4 thoughts on “Big Binocular Messier Survey

  1. Zooball

    My first observing list was Phil Harrington’s Star Watch book. I completed it with my Orion (Vixen) 30×80 binoculars, and found it to be a thoroughly enjoyable experience. There was only a few double stars that I could not split, but M40 was an easy target. ;)

    You can see my results at #3 here: http://www.philharrington.net/hallfame.htm I also earned an Astronomical League Binocular Messier Club Certificate for the same effort. But also notice on the Star Watch Hall of Fame page most of the observers used binoculars for at least part of this book. They are simply the best tool for wide objects.

    I completely agree that using binoculars, even giant ones, is probably the easiest way for a beginning observer to get into completing “easy” observing lists like the Messier catalog. And, for my “return visits” of the Messier Catalog, I used a 12 inch Starfinder dobsonian combined with my binocular experience of knowing what to see and where.

    Earlier this year I got 110 objects in a Messier Marathon with the Starfinder, but I really want to go back and try it again with the binoculars!

  2. AstroDr.Mike Prochoda

    Medium-size binoculars make excellent tools for finding the Messier objects.
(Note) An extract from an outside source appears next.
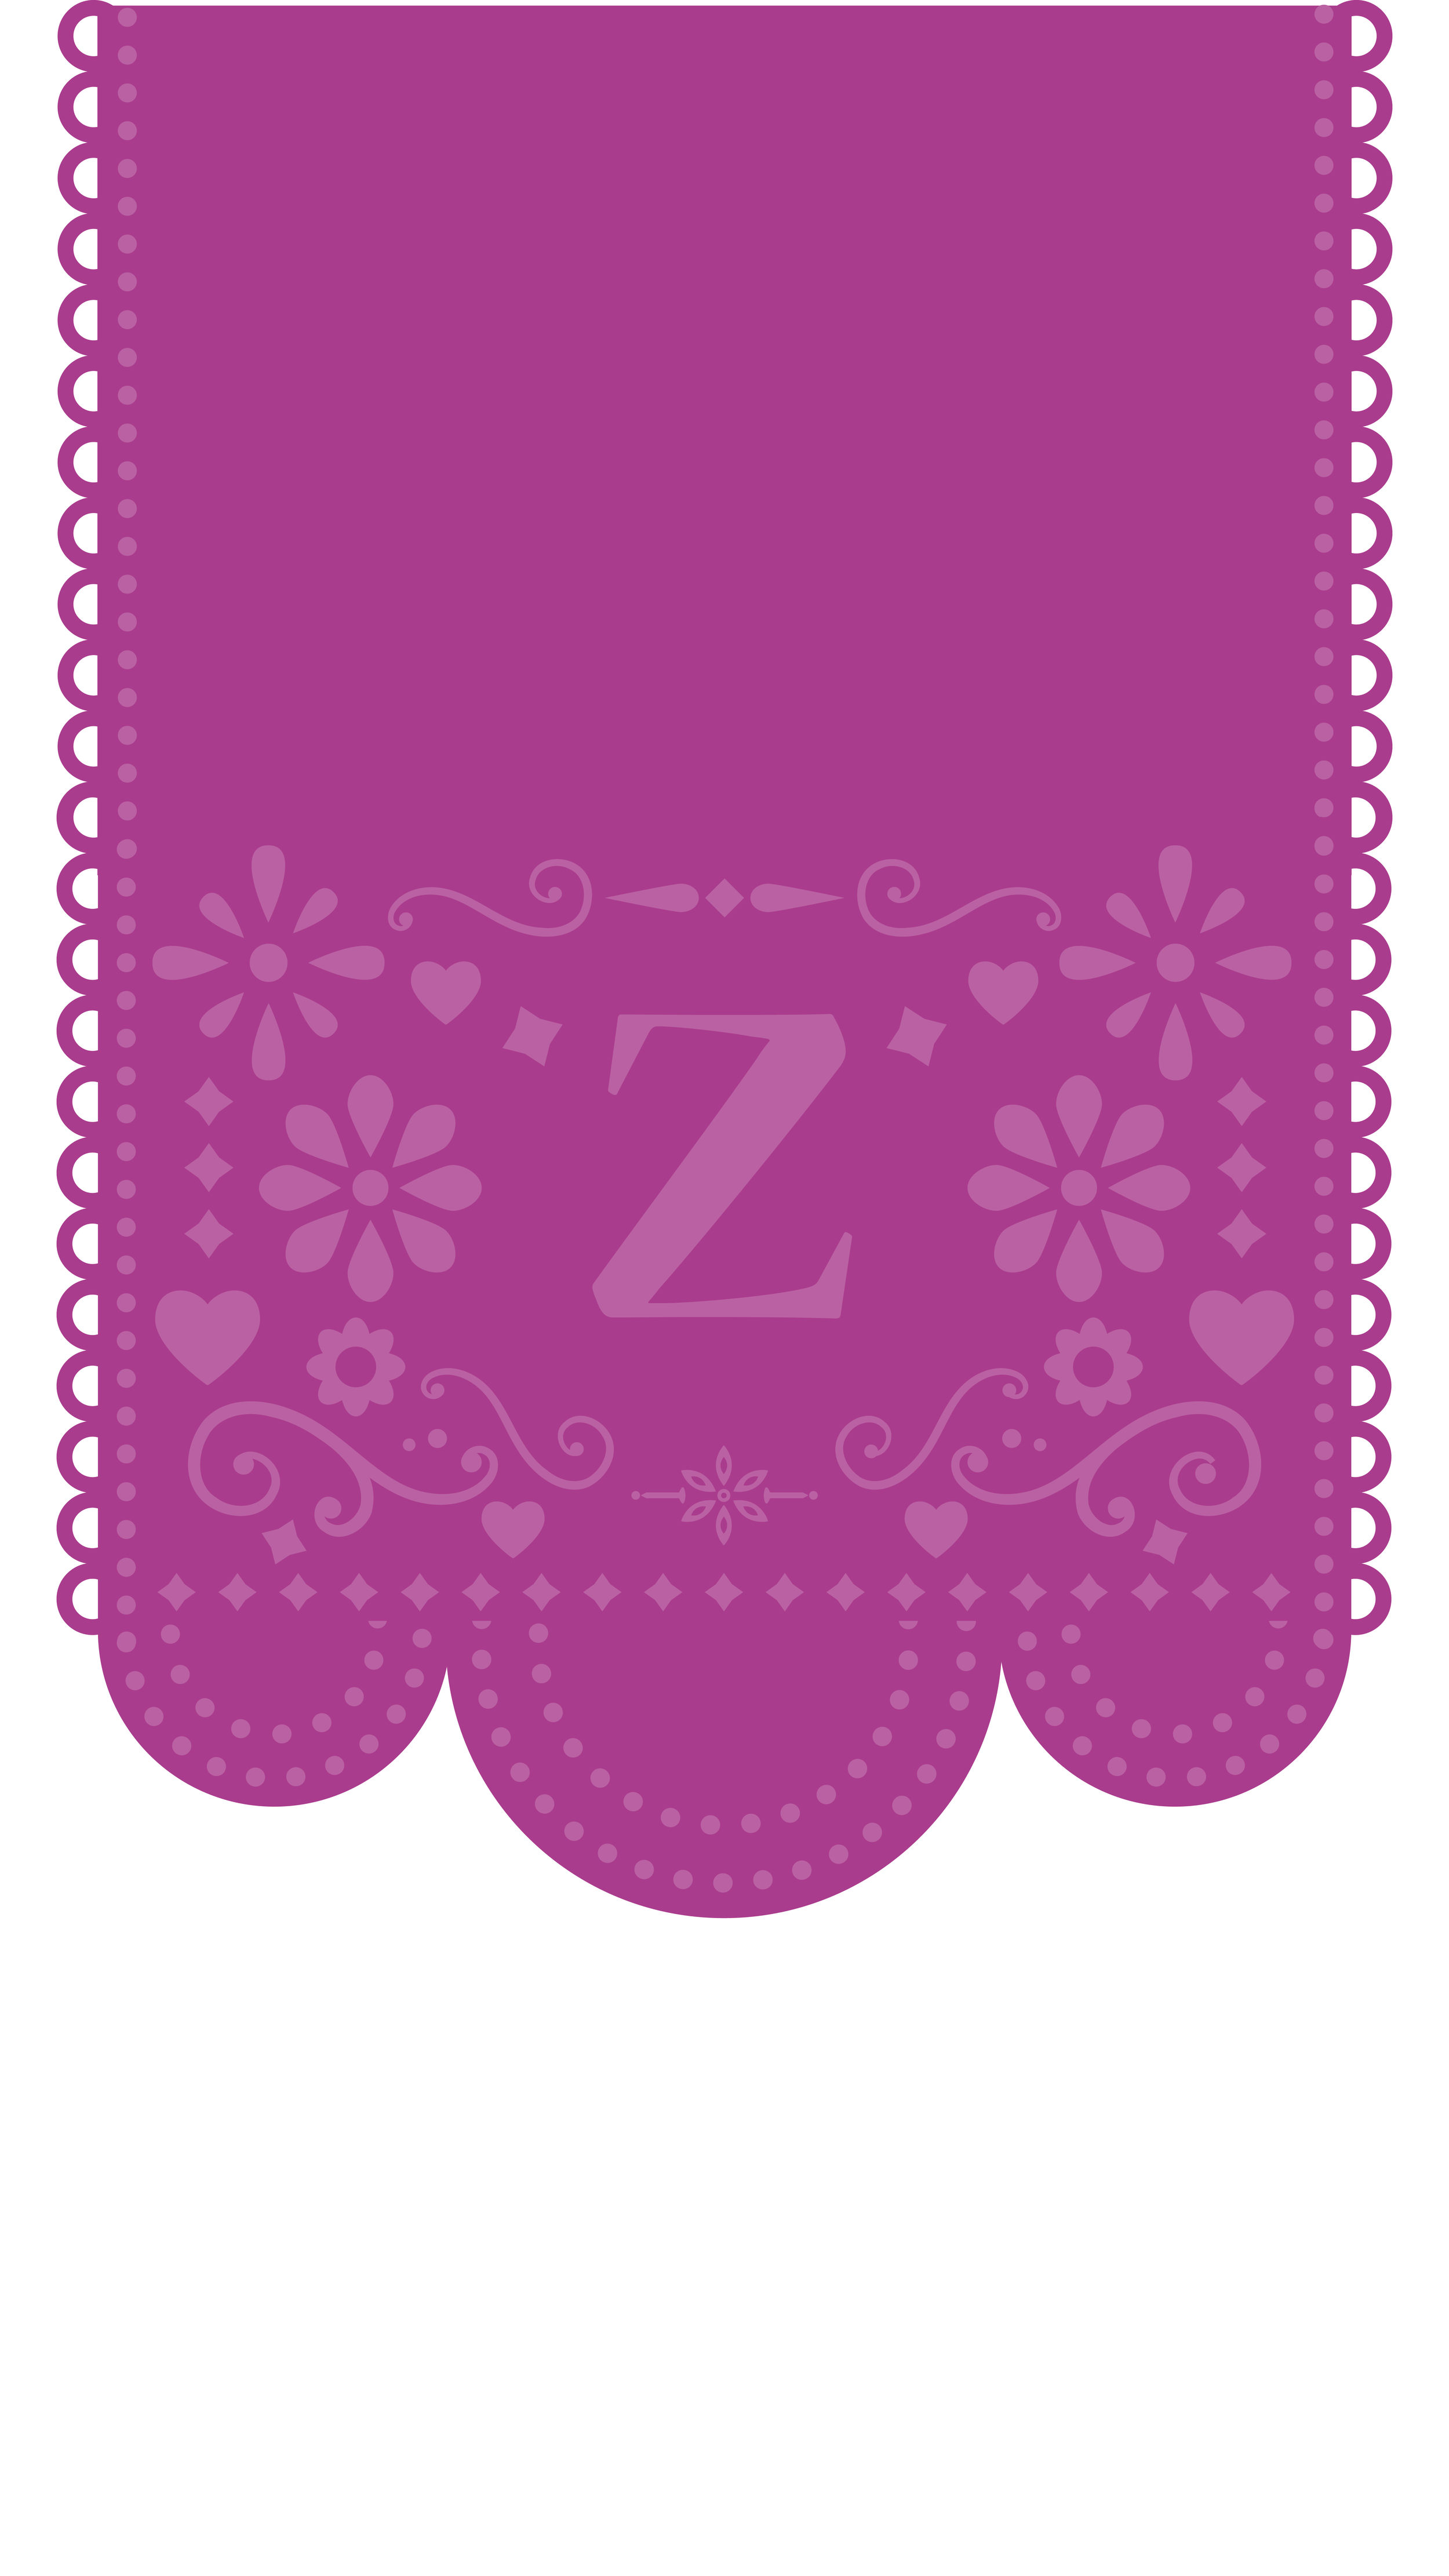 z-fiesta-banner.png

Last March (3/17 to 3/18/07) I participated in a Messier Marathon using both my 140mm refractor and my Pentax 16 x 60 binoculars mounted on an observing chair. I only missed M30 with the refractor (too close to the rising sun) and was able to bag all of the Messiers I attempted except M74. M2, M72, M73, and M30 were not even attempted using the binos, as I was too busy trying to find these objects in the brightening dawn sky using my refractor. I have subsequently easily observed all of these “missed” Messier objects with the same Pentax 16 x 60 binoculars when the objects were well-placed in the sky. My impression is that you could probably get all of the Messiers with 15 x 50 binoculars by knowing just where to look and having the binoculars firmly mounted. Does anyone know what the smallest aperture or lowest power binoculars are – that have been used to “bag” all 110 Messier objects?

  3. AstroDr.Mike Prochoda

    Medium-size binoculars make excellent tools for finding the Messier objects. Last March (3/17 to 3/18/07) I participated in a Messier Marathon using both my 140mm refractor and my Pentax 16 x 60 binoculars mounted on an observing chair. I only missed M30 with the refractor (too close to the rising sun) and was able to bag all of the Messiers I attempted except M74. M2, M72, M73, and M30 were not even attempted using the binos, as I was too busy trying to find these objects in the brightening dawn sky using my refractor. I have subsequently easily observed all of these “missed” Messier objects with the same Pentax 16 x 60 binoculars when the objects were well-placed in the sky. My impression is that you could probably get all of the Messiers with 15 x 50 binoculars by knowing just where to look and having the binoculars firmly mounted. Does anyone know what the smallest aperture or lowest power binoculars are – that have been used to “bag” all 110 Messier objects?